Growers have a lot more tools to respond to BMSB now, thanks to research to identify effective insecticides that started with the first major Mid-Atlantic outbreak in 2010. Now, researchers are focused on strategies that can fit into, rather than disrupt, existing integrated pest management systems.

“Our original project was to put out the fire and identify insecticides that were effective so our growers would able to mitigate the problems caused by these bugs. But of course, they are all broad spectrum and disruptive to our IPM systems, so we ended up with secondary pest problems,” said Tracy Leskey, entomologist for the U.S. Department of Agriculture in West Virginia who headed the first Specialty Crop Research Initiative-funded effort. “We’ve been playing catch-up over the last six years, but now we are making progress.”
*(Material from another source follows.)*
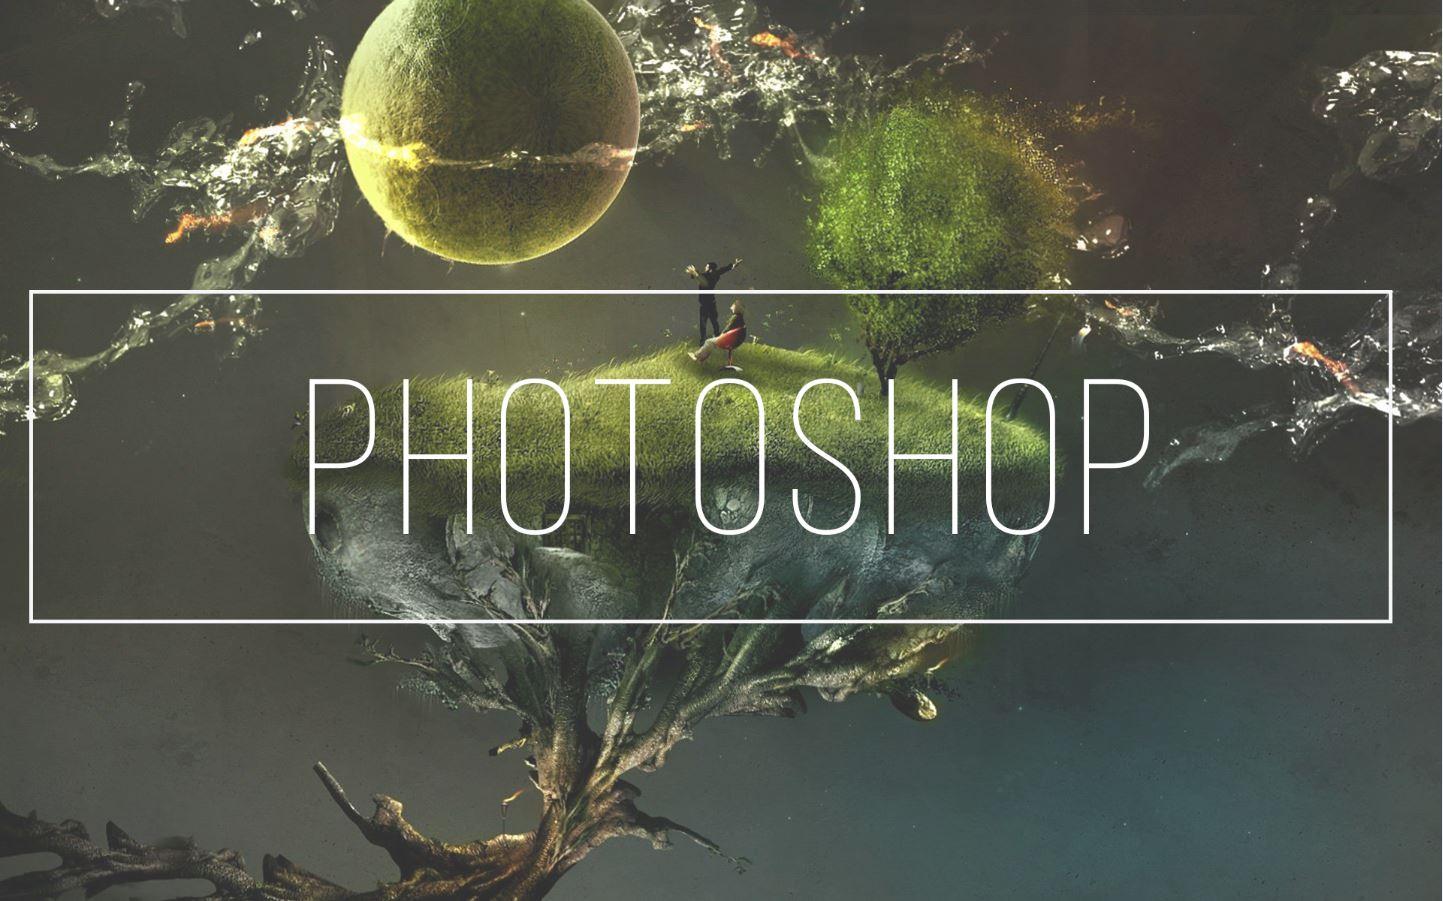 photoshop-1-1

Spraying for BMSB is complicated by the fact that it’s an unpredictable pest, a generalist that may suddenly invade an orchard after months of population growth on different hosts. Leskey said that growers in the Mid-Atlantic are seeing success using traps placed near orchard borders to inform spraying decisions. “It’s certainly a border-driven pest. Using the trap as a mechanism to detect their movement into crops is critical,” she said.

Better traps are the key to making such a strategy work. Landolt had a breakthrough on traps last year by combining a big sticky trap designed for large wasps with pheromones. But he’s continuing to study BMSB pheromones to improve the traps, because the long-lived bugs use a wide variety of pheromones for different purposes.
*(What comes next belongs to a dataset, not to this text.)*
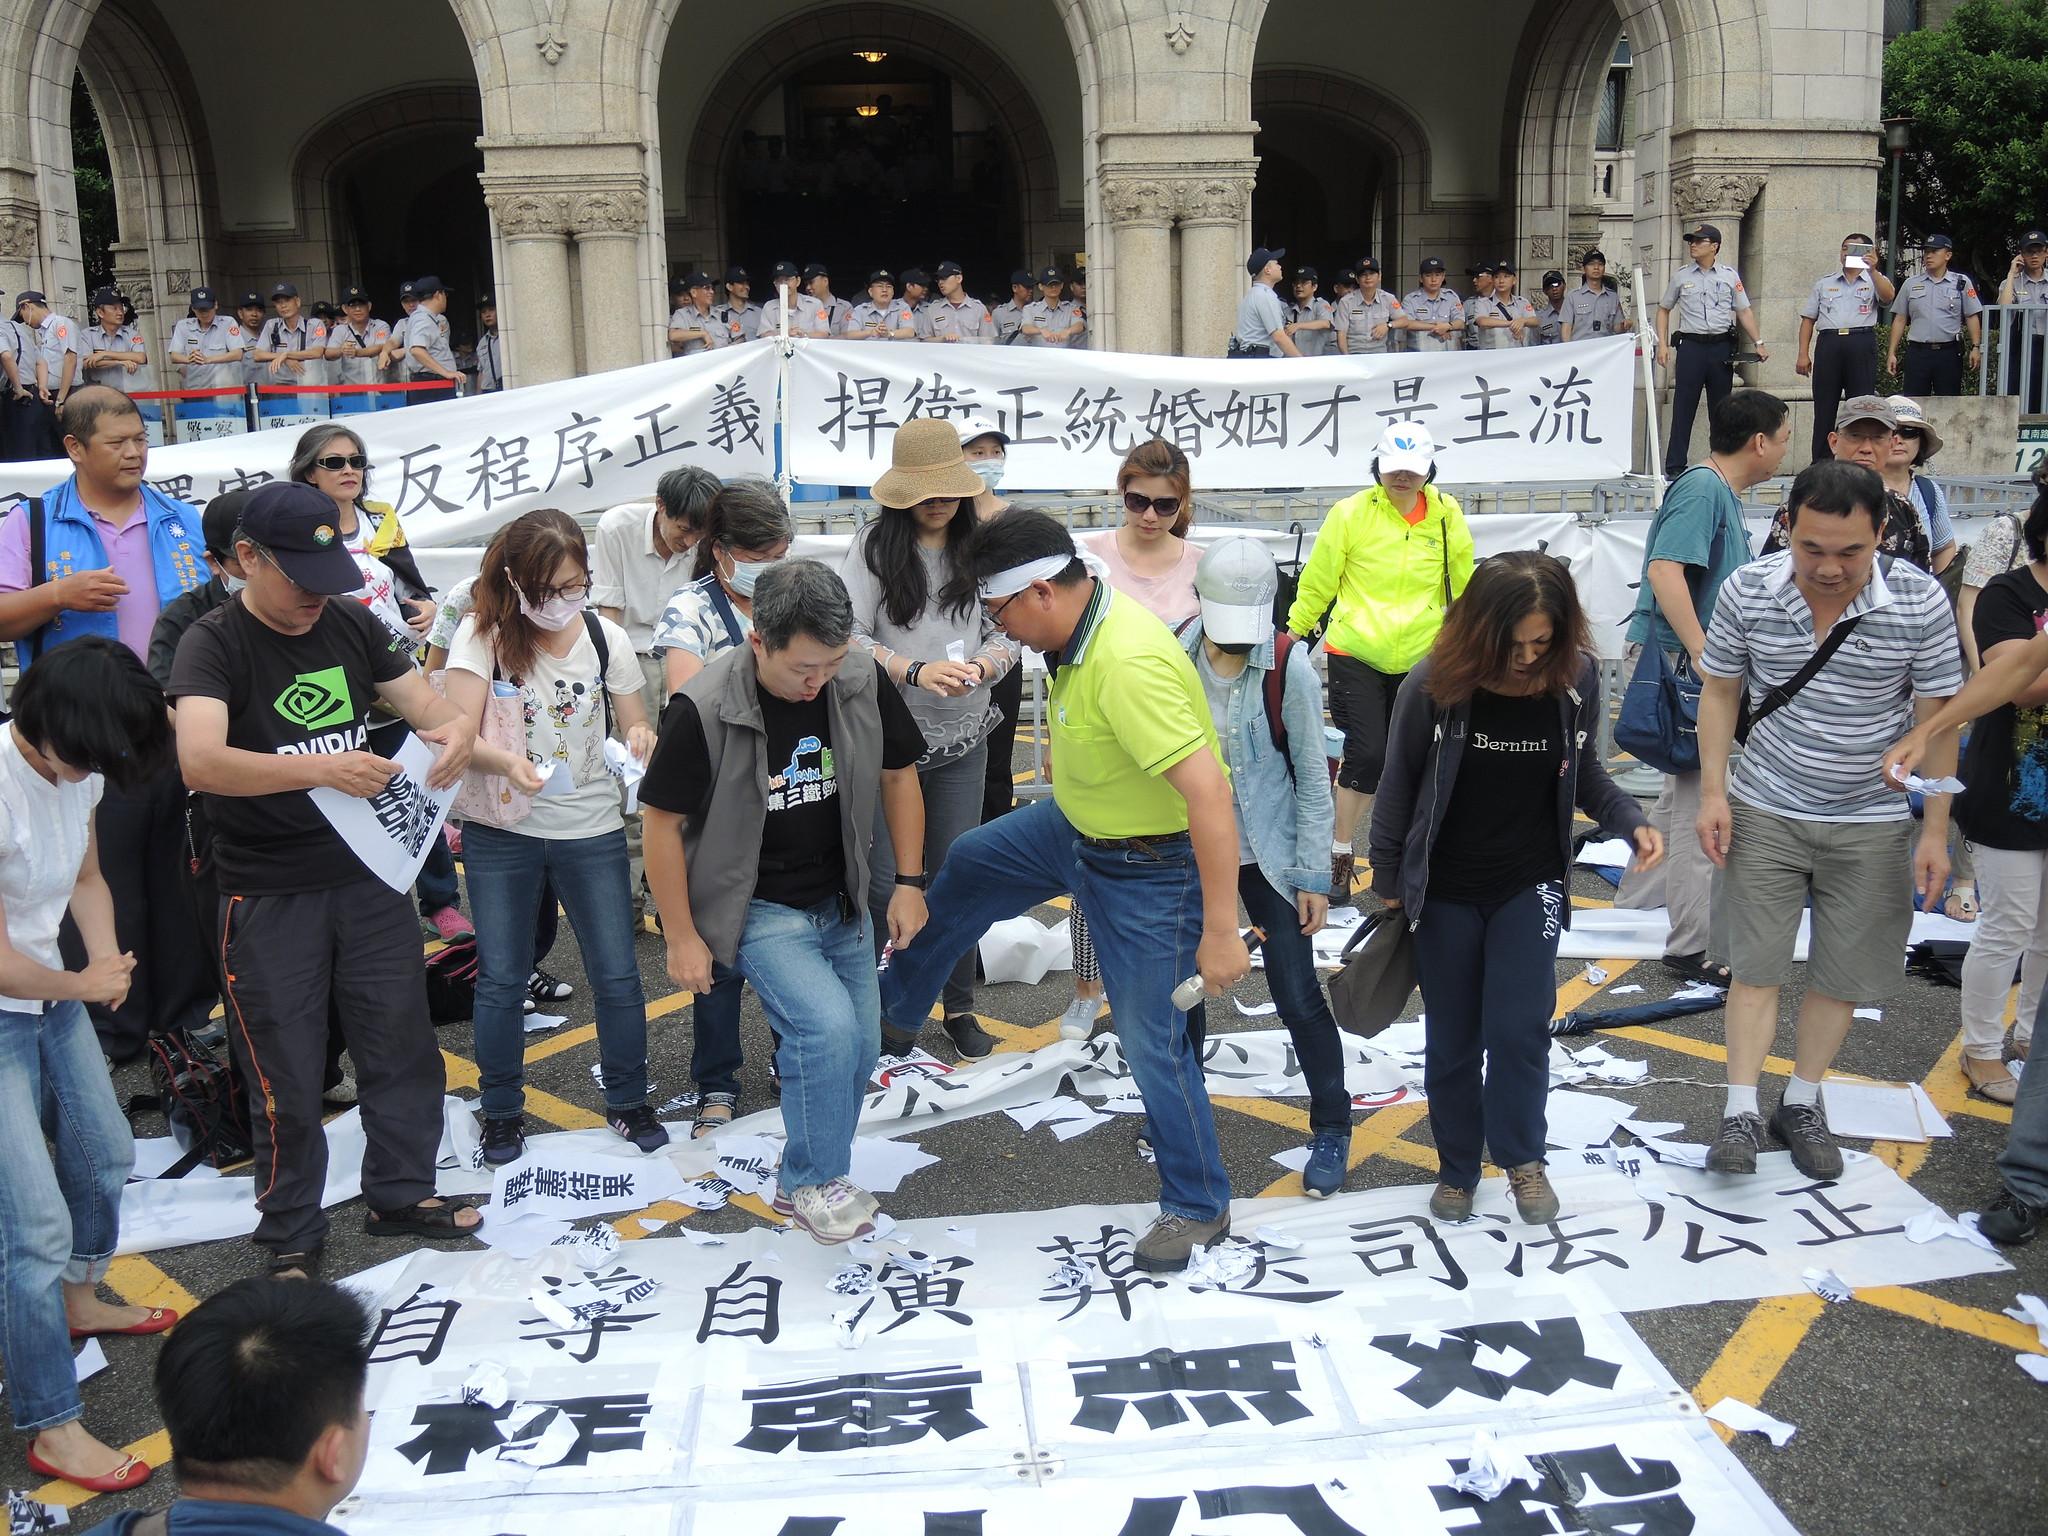 得知大法官宣告現行《民法》違憲後,下福盟將印有「釋憲結果」的紙張撕毀在地踩踏。(攝影:曾福全)

“What I can do for you is detection and monitoring,” he said at the Apple Crop Protection Research Review in Yakima in January. “You need to know about it as early as possible if you want to do something about it.”

Other areas of research

Ongoing research is focused on reducing the insecticides needed to control stink bugs through methods such as using border-only sprays and attract-and-kill methods as well as encouraging natural enemies to reduce the population across the landscape, Leskey said.
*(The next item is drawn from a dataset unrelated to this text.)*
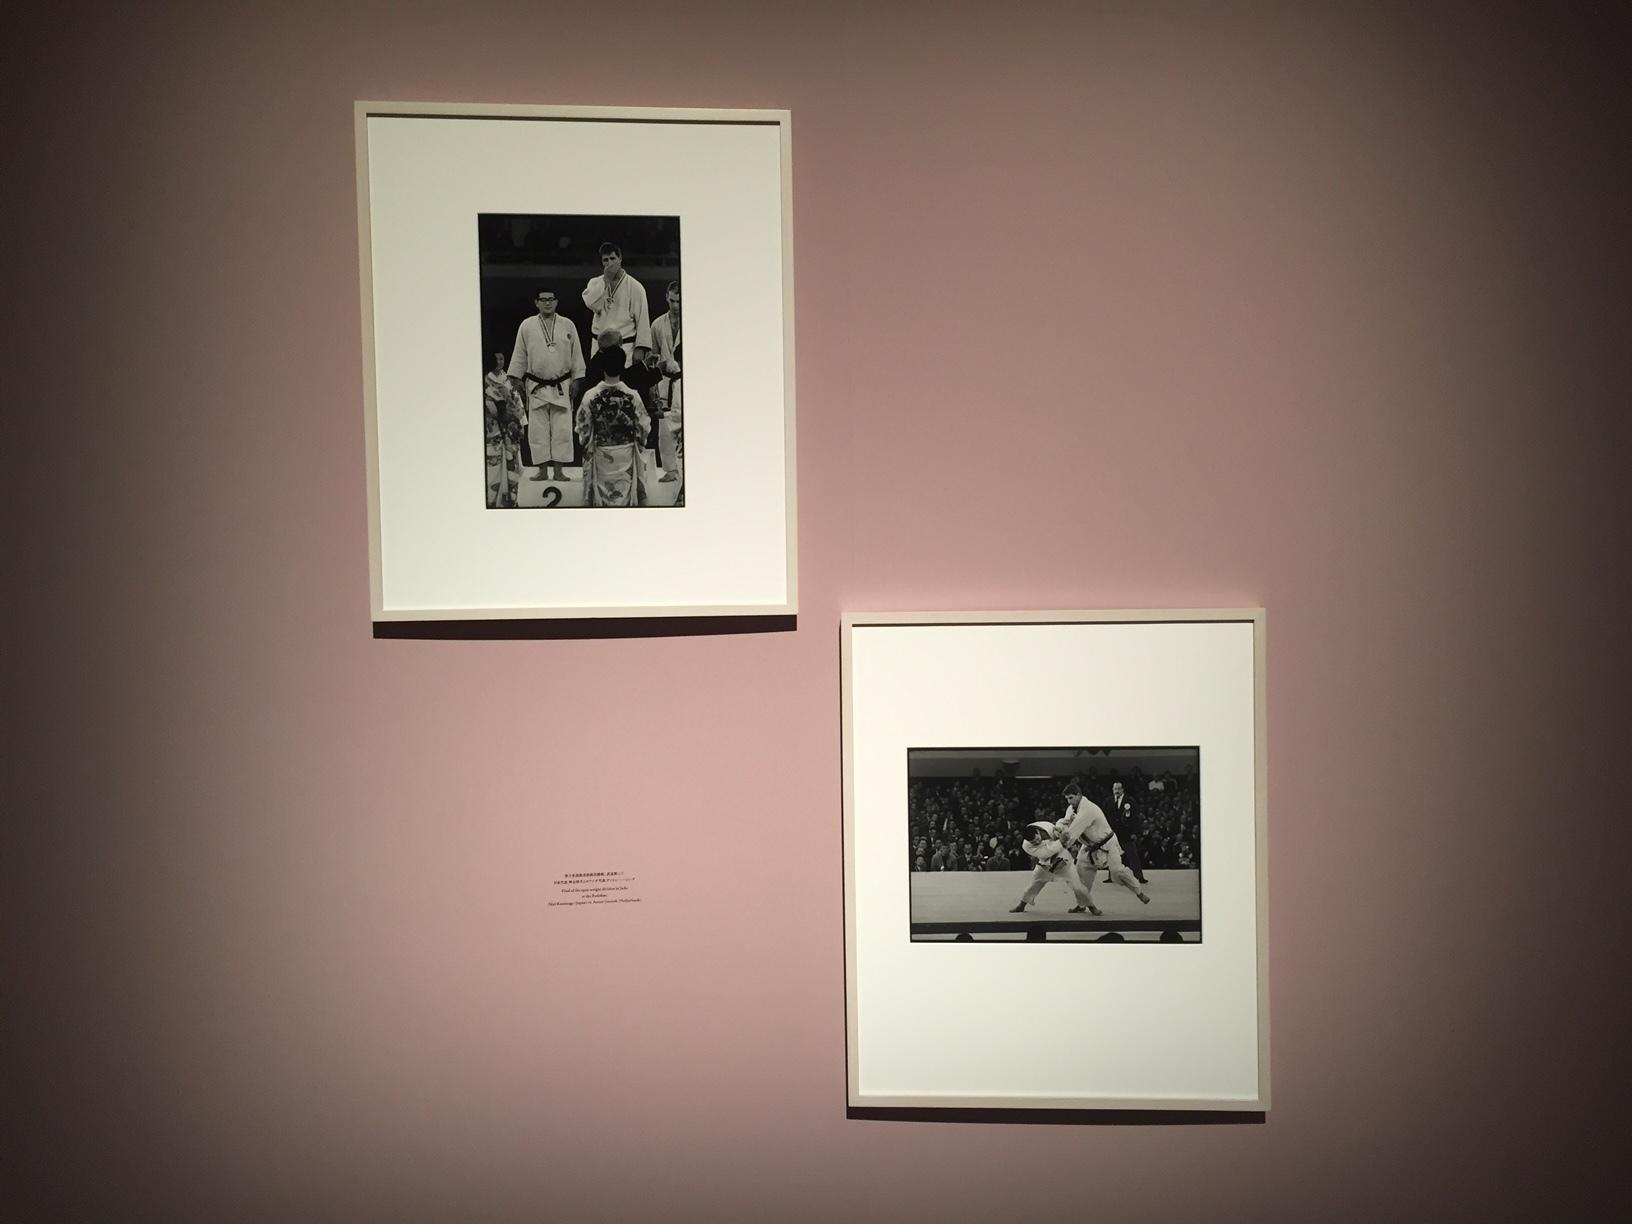 1964年東京オリンピック開催時の写真

Landolt is working on a trap that mimics the tight conditions BMSB seeks over winter. The idea is that instead of seeking warm refuge in people’s homes, the stink bugs could be drawn to housing boxes with pheromones and then discarded. In lab tests, he’s seen promising results and, if it works, it could combat the nuisance aspect of the BMSB problem.

“It’s one of the few pests that we have that’s an agricultural and urban pest. After it insults you in your orchard, it comes to taunt you in your house in the winter,” Leskey said.

Similarly, pheromones could be used to bait stink bugs in the orchards — attracting them to border row trees for example — which would reduce the amount of insecticide required to manage an outbreak, Leskey said.

Then, there is the possibility of excluding BMSB from orchards completely. Washington State University researchers are testing exclusion cages — netting that completely surrounds a tree or a block — to keep out BMSB and other large pests such as codling moths, said Betsy Beers, a WSU entomologist.

Use of such netting over orchards is already popular in some places to prevent hail damage or sunburn, she said, but it’s relatively new as a non-insecticidal pest control. Initial data shows that it did keep out the pests, but it also kept out desirable insects such as lacewings and syrphid flies, and the experimental trees saw a spike in wooly apple aphids, Beers said at a presentation at the Apple Crop Protection Research Review.

Beers is also leading an effort to survey Eastern Washington for native parasitoid wasps to serve as a baseline before T. japonicus is potentially released in the state. That could be done as early as 2018, she said, but the Washington State Department of Agriculture hasn’t made any approval decision yet.

All the various control strategies are going to w important as the BMSB population continues to grow and spread, but biological control — through both encouraging native predators such as praying mantis, lacewing larva, and parasitoid wasps and introduction of T. japonicus — is the ultimate goal, Beers and Leskey agreed.

“We all agree that, ultimately, the long-term solution is going to be based on biological control because we need methods that can work across the landscape and really reduce populations in these unmanaged areas,” Leskey said.